Monday, October 14, 2019

Weekly Margin 2019, W41: The Inheritance - Part One

10/07/19: The Inheritance - Part One
What: A transfer from The New Vic/West End of Matthew Lopez's two-part epic play, which takes the narrative of E. M. Forster's Howards End and transports it to contemporary New York City, to explore the modern male gay experience, a generation whose mentors and cultural ancestors were wiped out by the AIDS epidemic.
And? This production has been hype hype hyped on its way to Broadway, celebrated as the next Angels in America. I think it's definitely worthy of the praise it's earned, though the likening to Kushner's (also) two-part creation is an unnecessary reduction, a lazy crutching on the fact that both plays are (primarily) about gay men in New York. The ambition and scope of the two works are entirely different, as is the style of writing and performance.

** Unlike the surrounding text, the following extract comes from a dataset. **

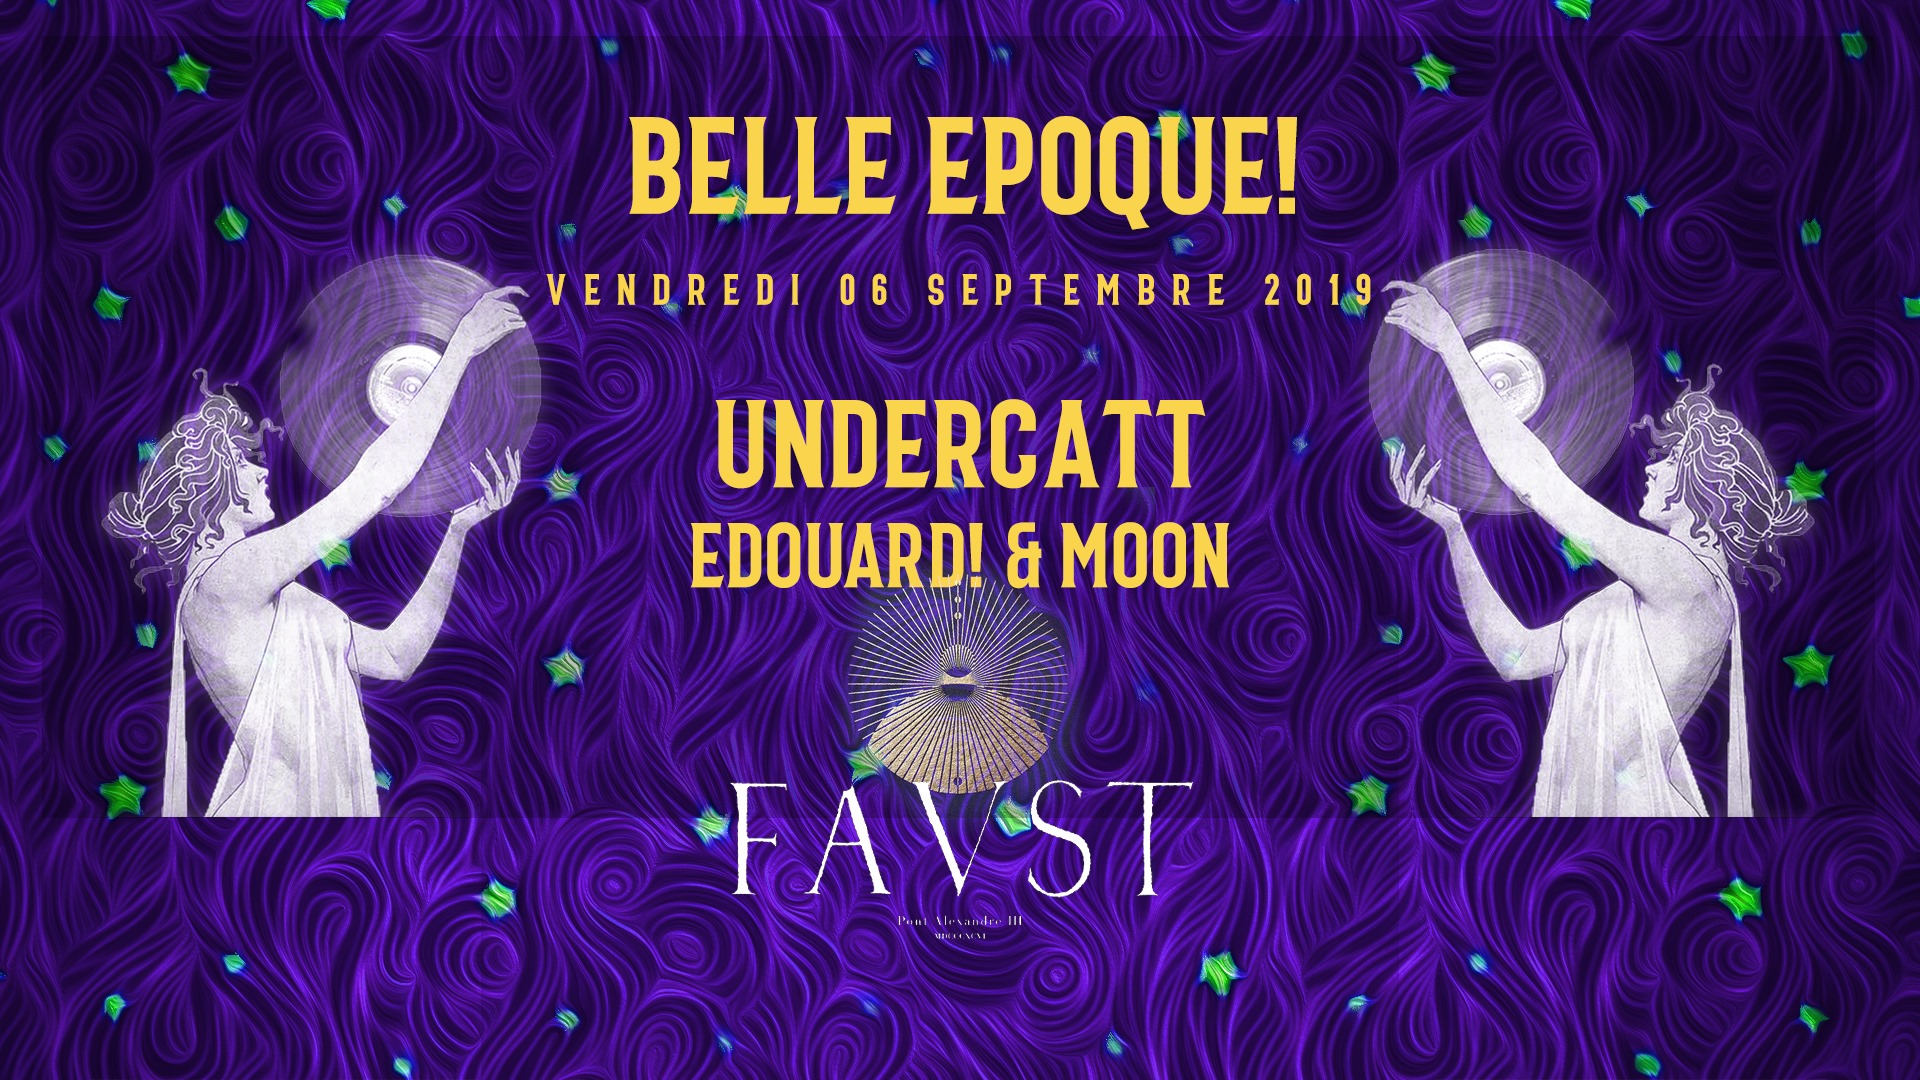 Belle Epoque! w/ Undercatt
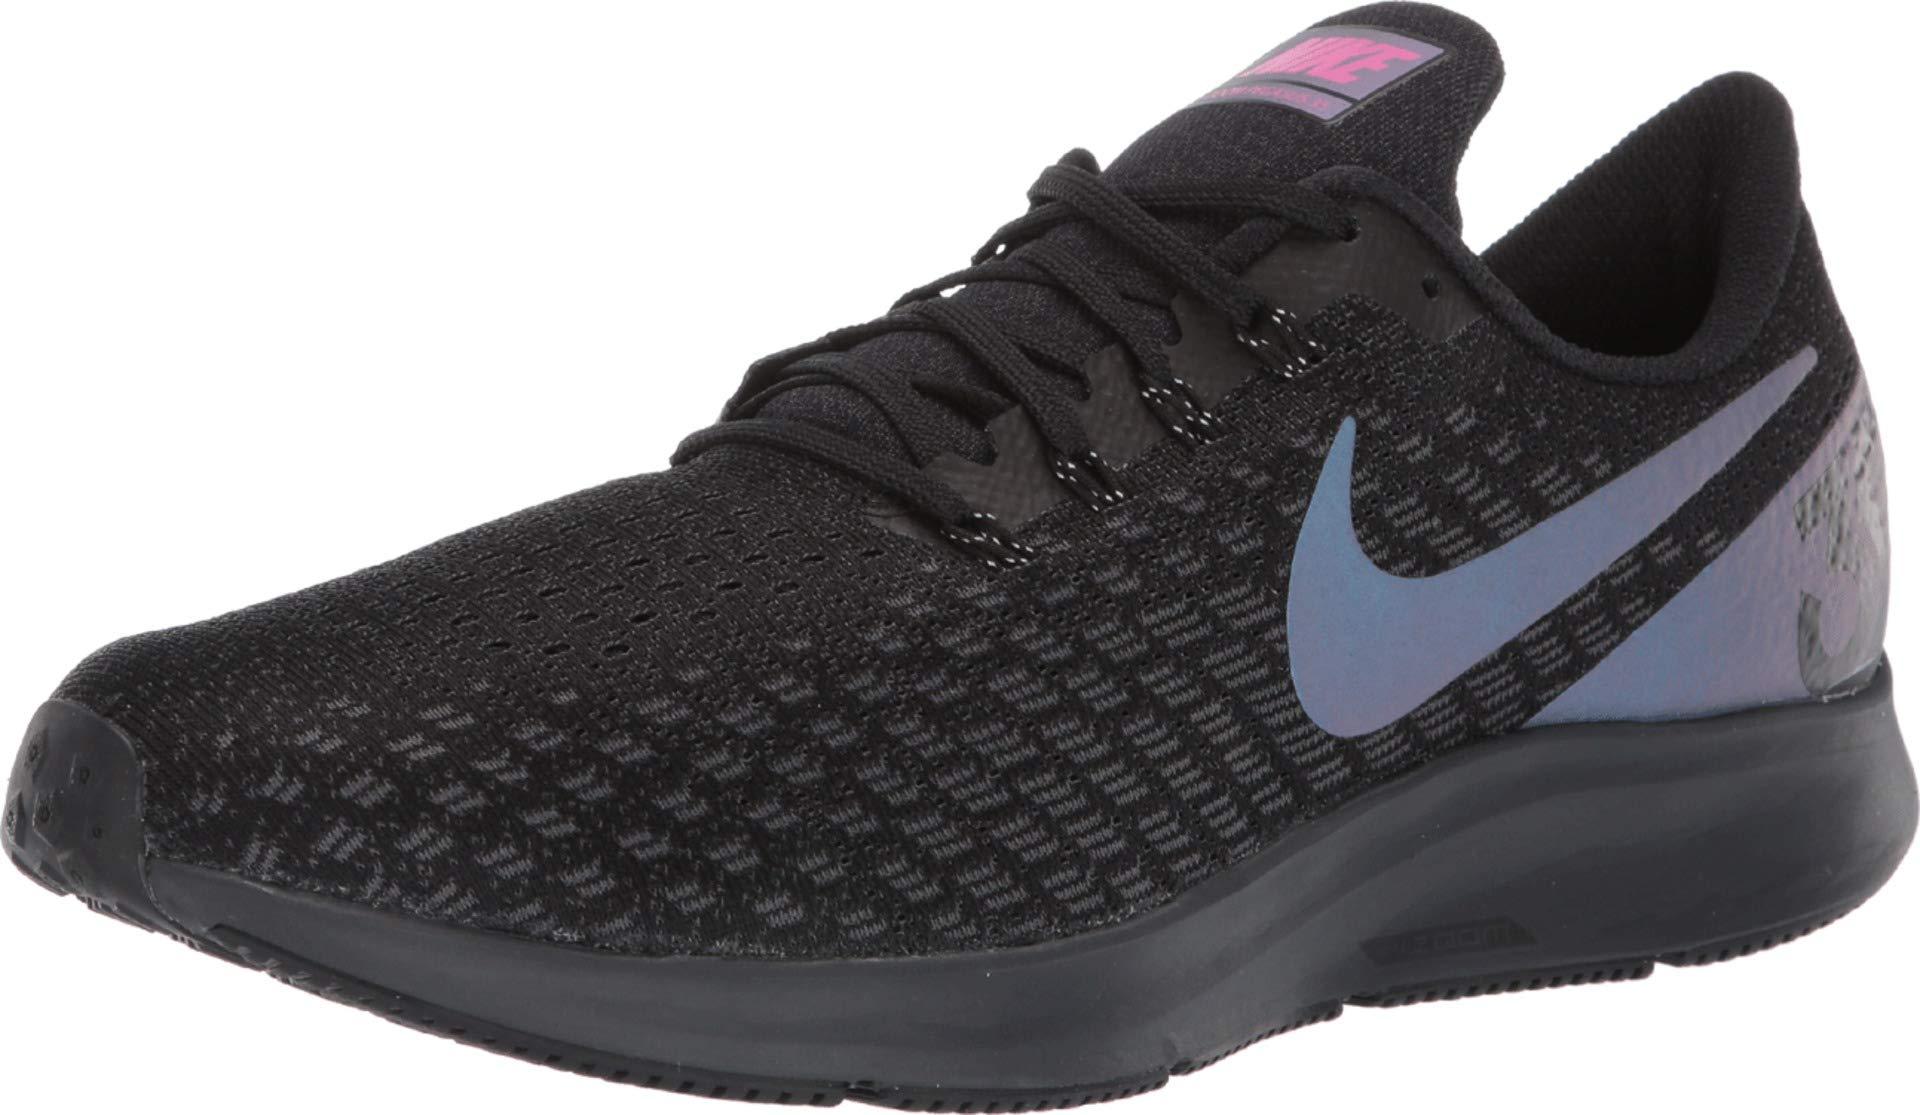 Nike Men's Air Zoom Pegasus 35 Running Shoes, Black/Laser Fuchsia-Anthracite (US 10.5)

Angels is about the soul of a country abandoned by the celestial and on the road to ruin; Inheritance is about a generation of men defying both abandonment and appropriation, holding on to each other, to their history, to themselves. Angels has the feel of the final days before the apocalypse; Inheritance is about what came after the end of the world (obviously, both plays are about a lot more, but this is my reduction) They're both important and moving works, but to lump the two together is to not bother to examine either particularly closely.

The Inheritance wins its way into my theater nerd heart very quickly, as it uses one of my favorite theatrical devices: activating the players as storytellers, telling each other the story even as they tell it to us. Bob Crowley's minimal design -- a raised platform, a collection of floor pillows and laptops, glasses of wine -- gives the actors nowhere to hide. But with this unified and dynamic cast, as directed by Stephen Daldry, there's no need to hide. I was surprised to realize how much of the play is just people talking, and how refreshing it is to see that that can still be good theater, in the right hands. This play is funny and honest and heartbreaking and elegant and naked and poignant. And I can't wait to see Part Two.